[Opening Collected material section]
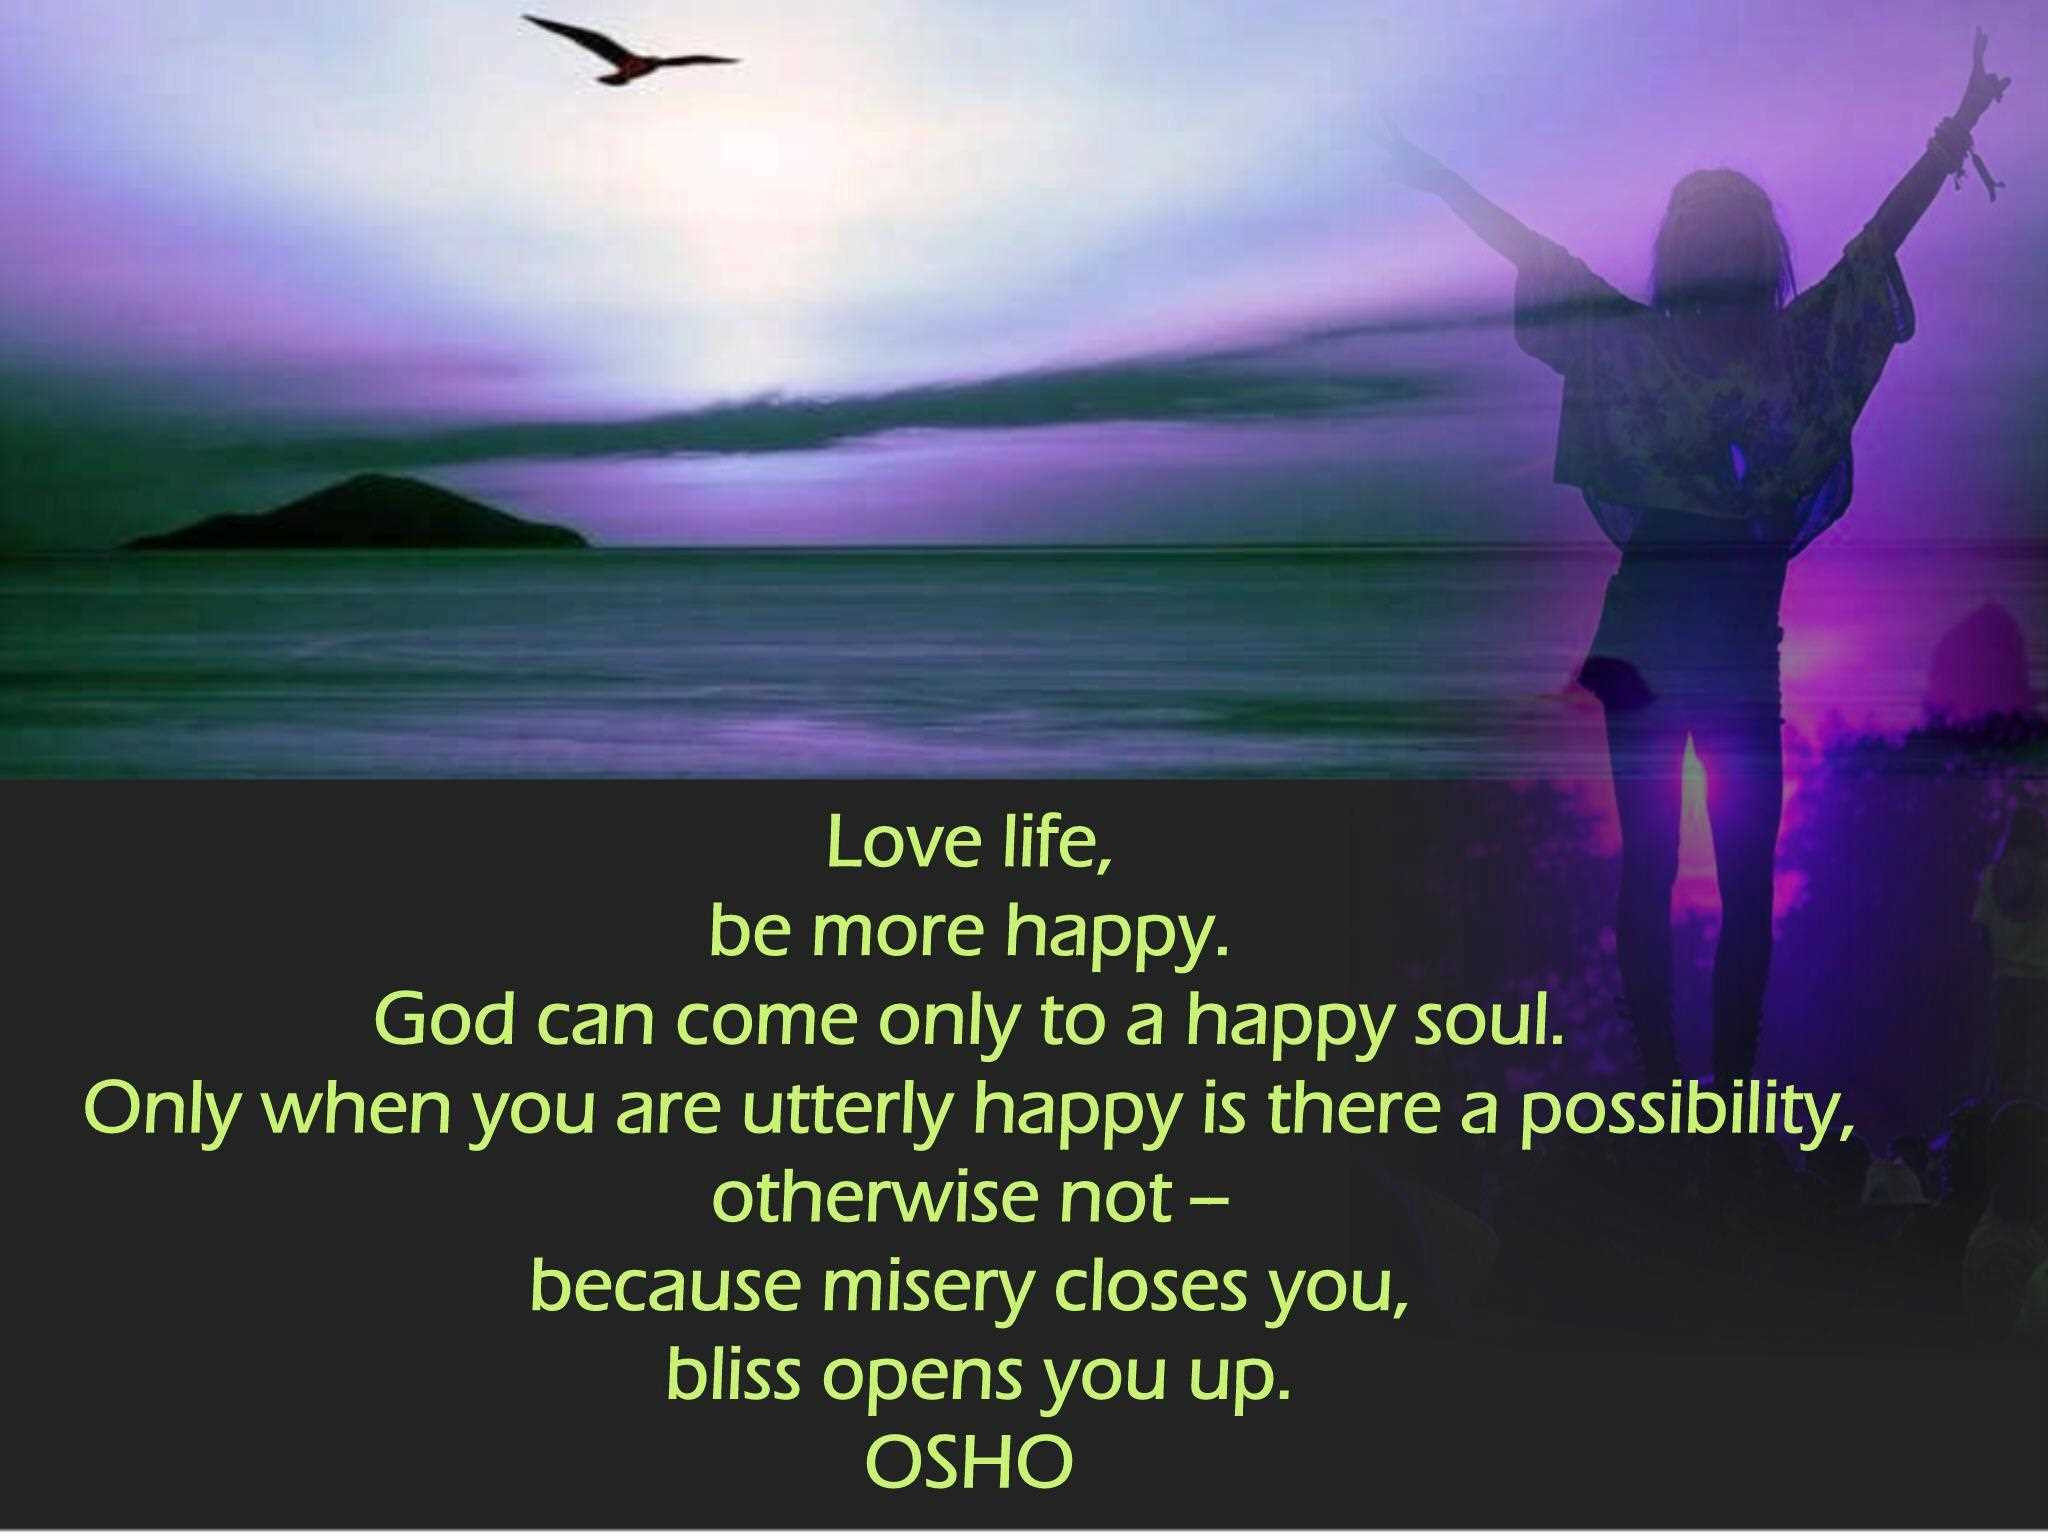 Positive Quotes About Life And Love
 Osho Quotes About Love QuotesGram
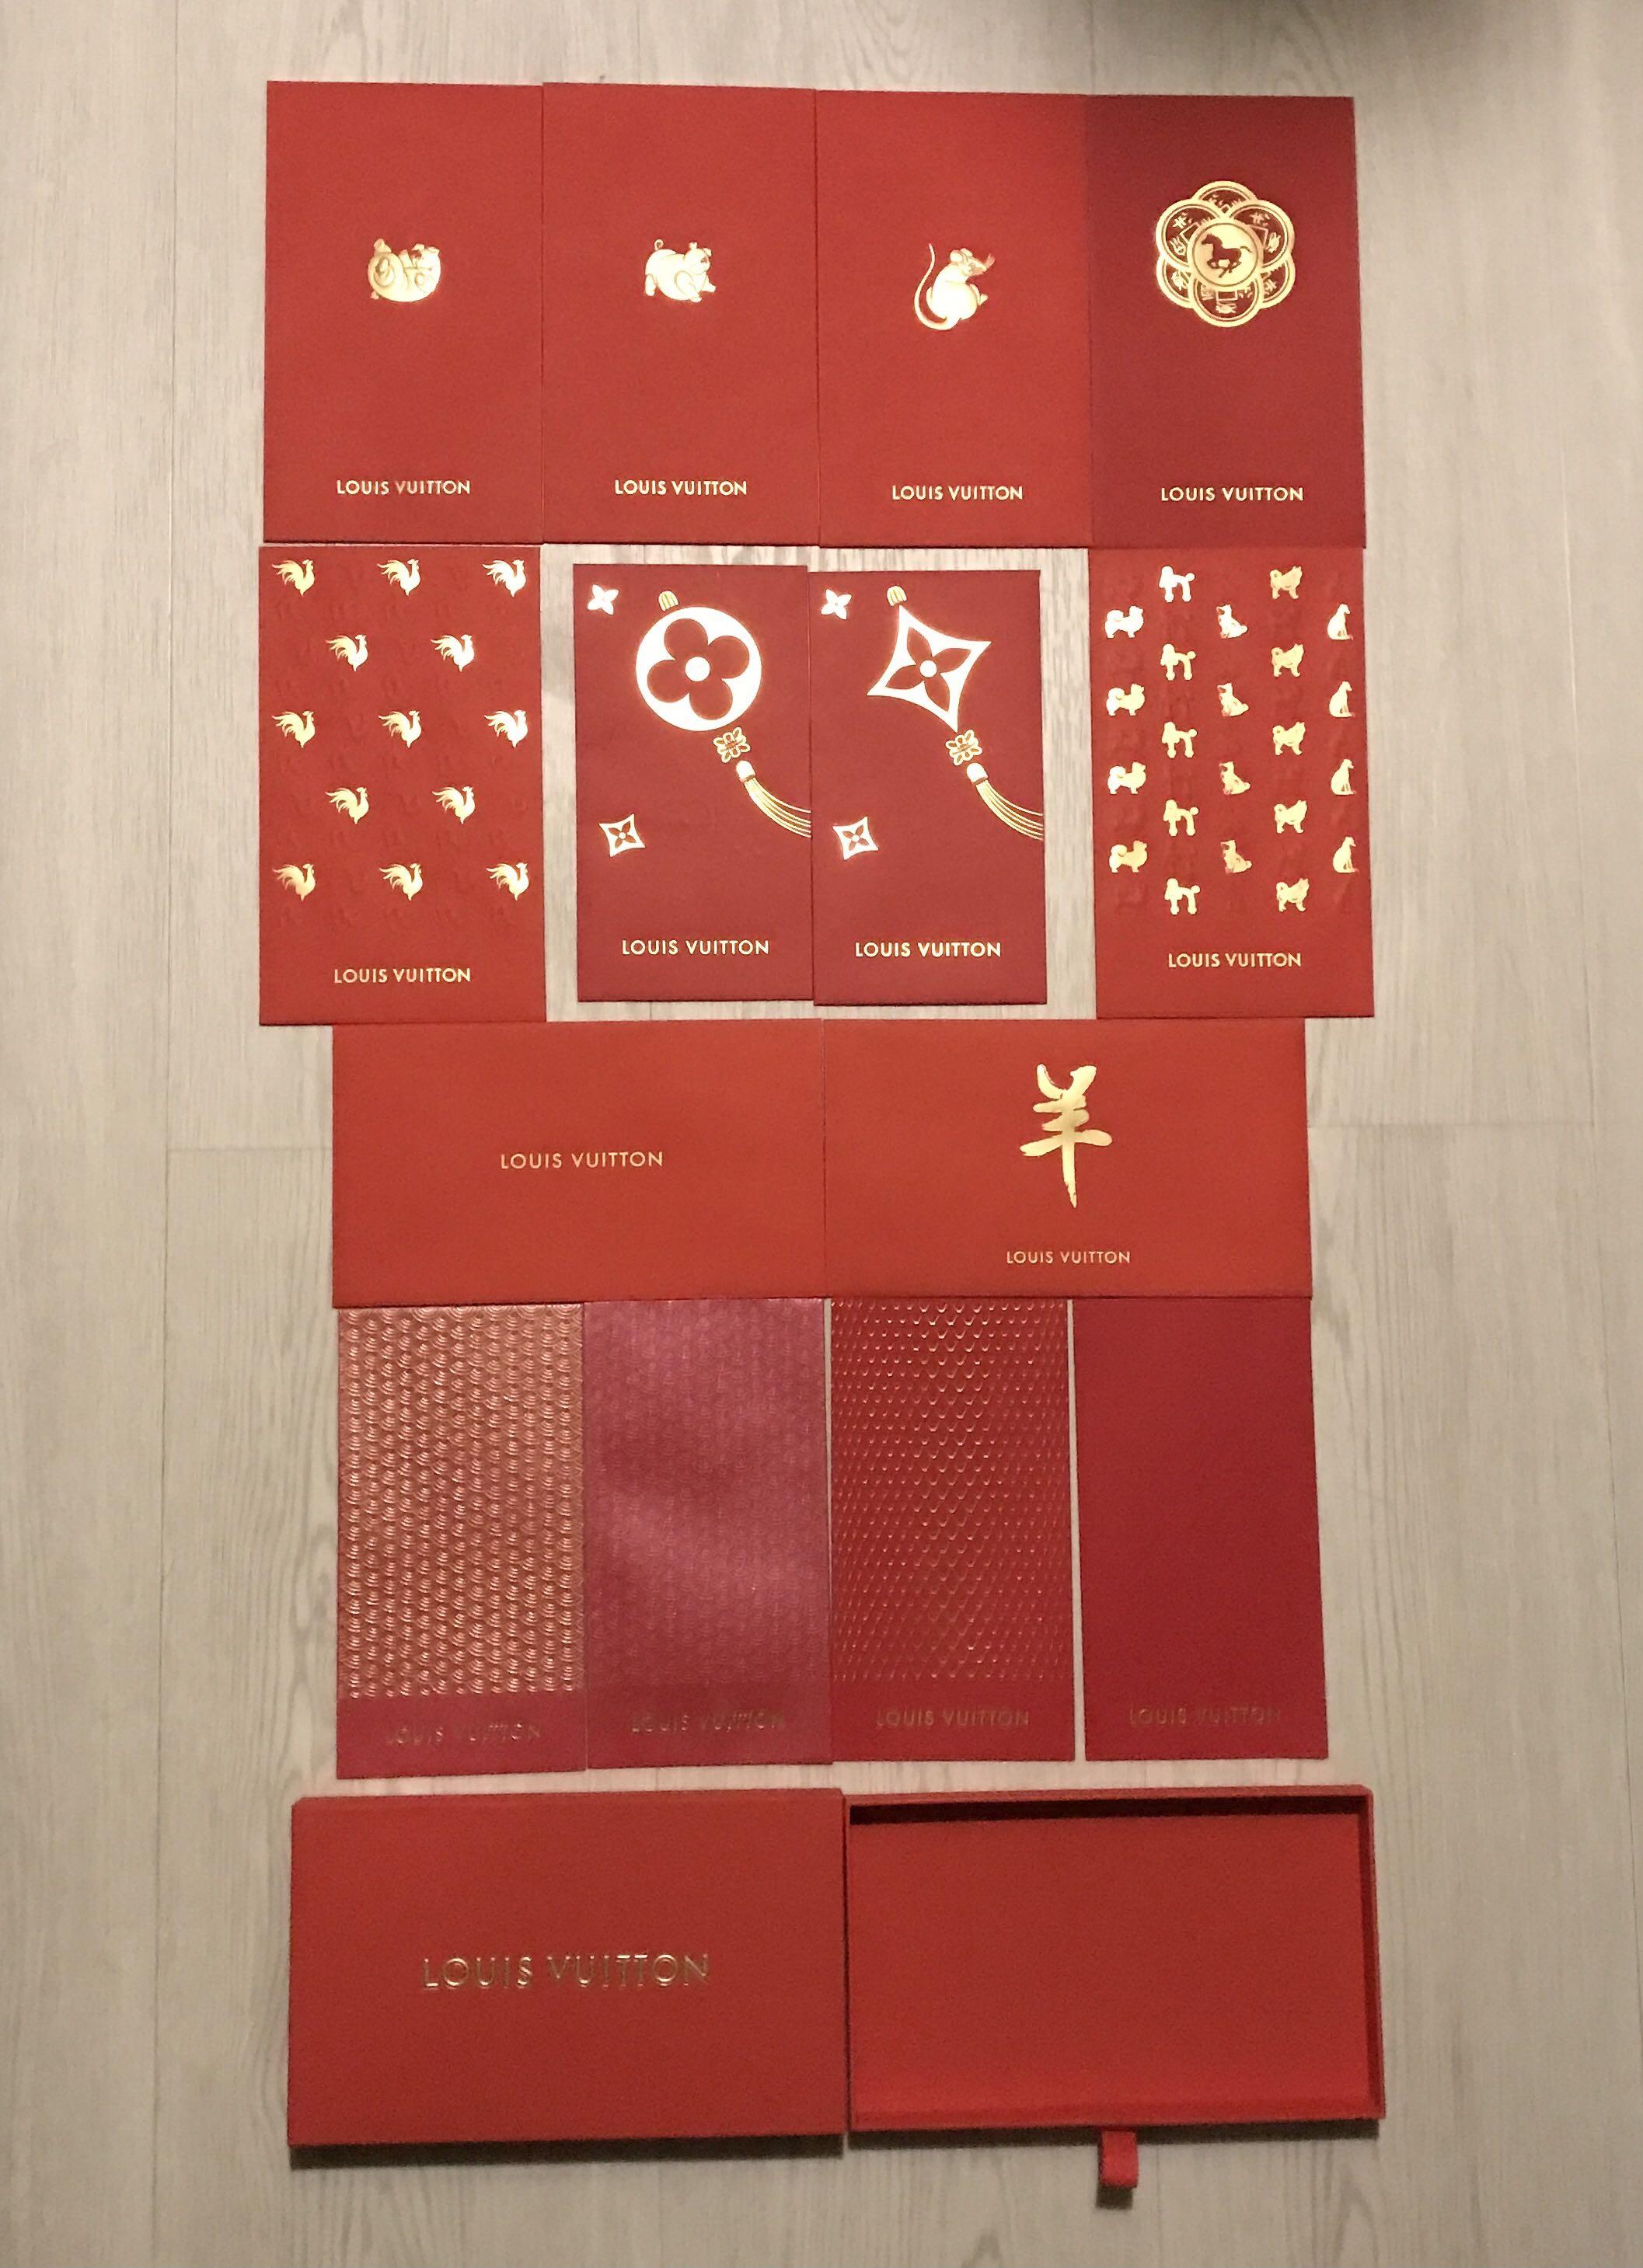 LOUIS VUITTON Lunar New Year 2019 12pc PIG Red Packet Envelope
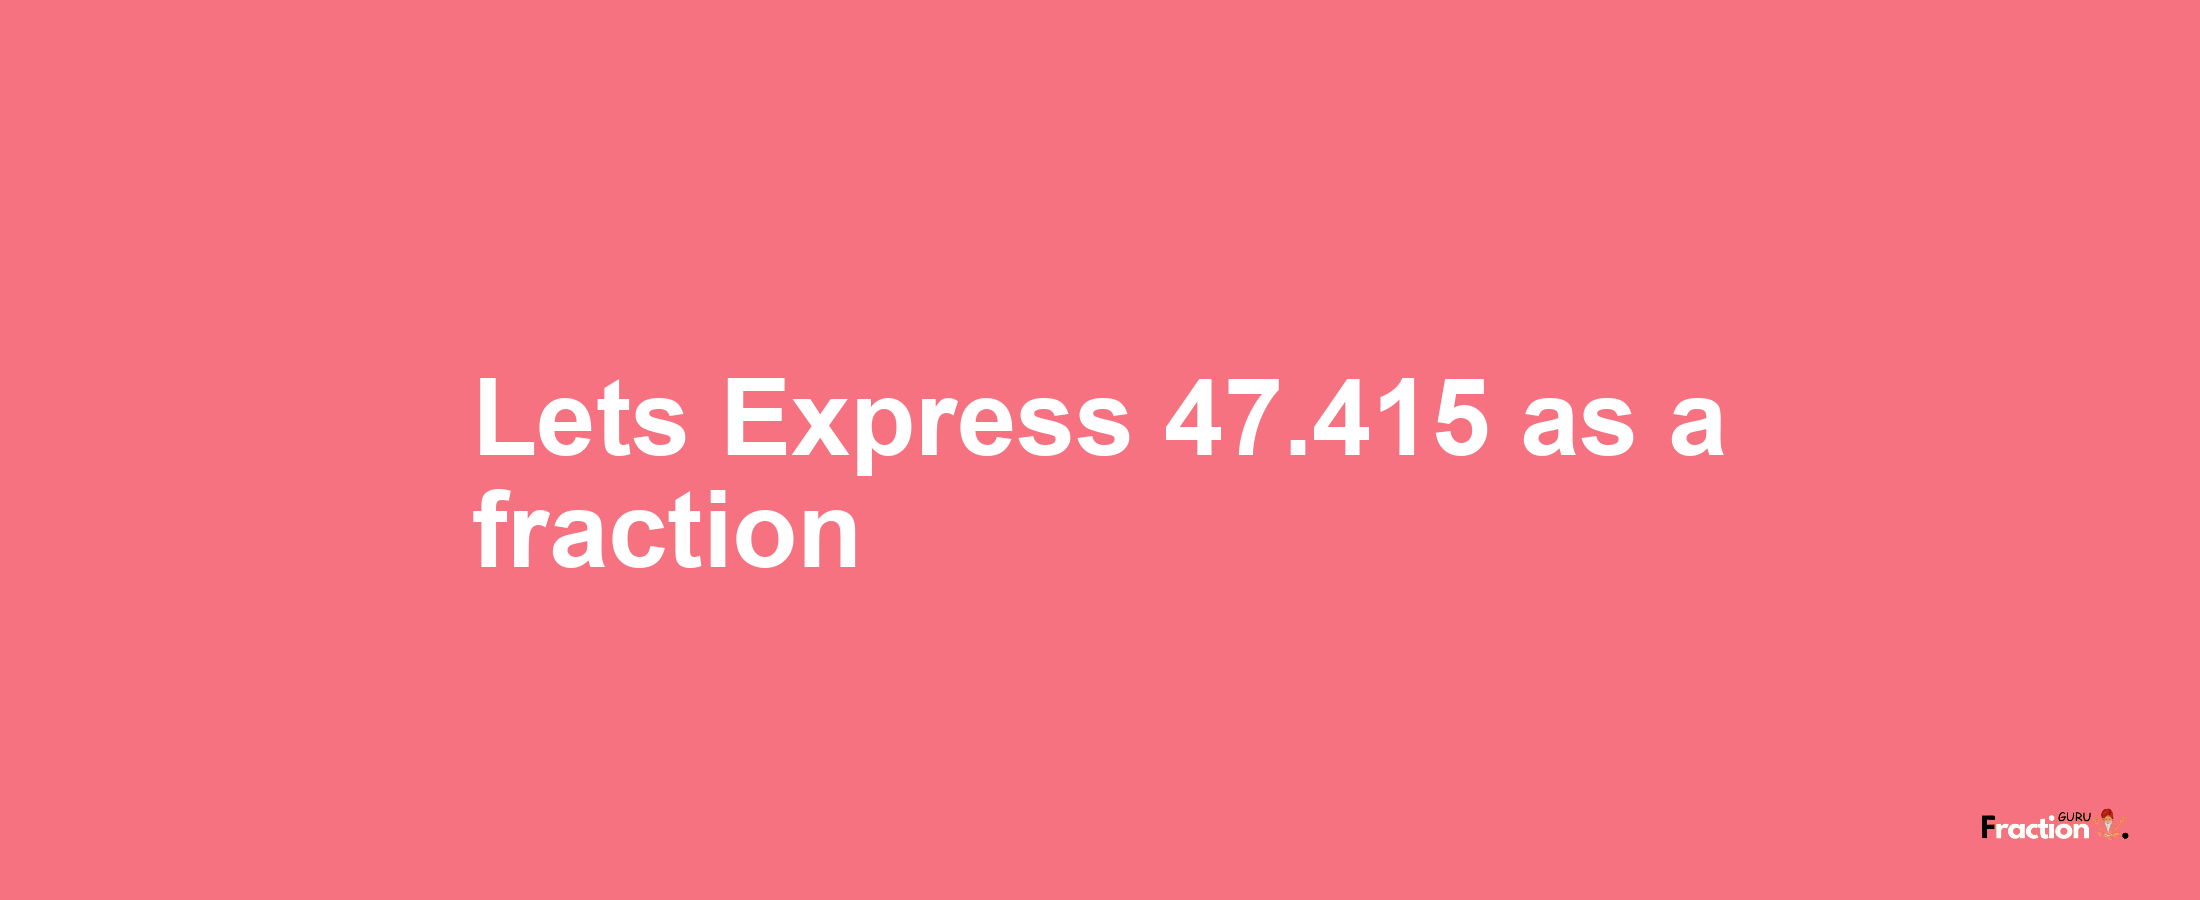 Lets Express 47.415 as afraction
[Closing Collected material section]
- [Directions]
Only the words belong in your copy: restate the data above exactly and leave the images out.

- [Response box]
 Positive Quotes About Life And Love
 Osho Quotes About Love QuotesGram
 LOUIS VUITTON Lunar New Year 2019 12pc PIG Red Packet Envelope
 Lets Express 47.415 as afraction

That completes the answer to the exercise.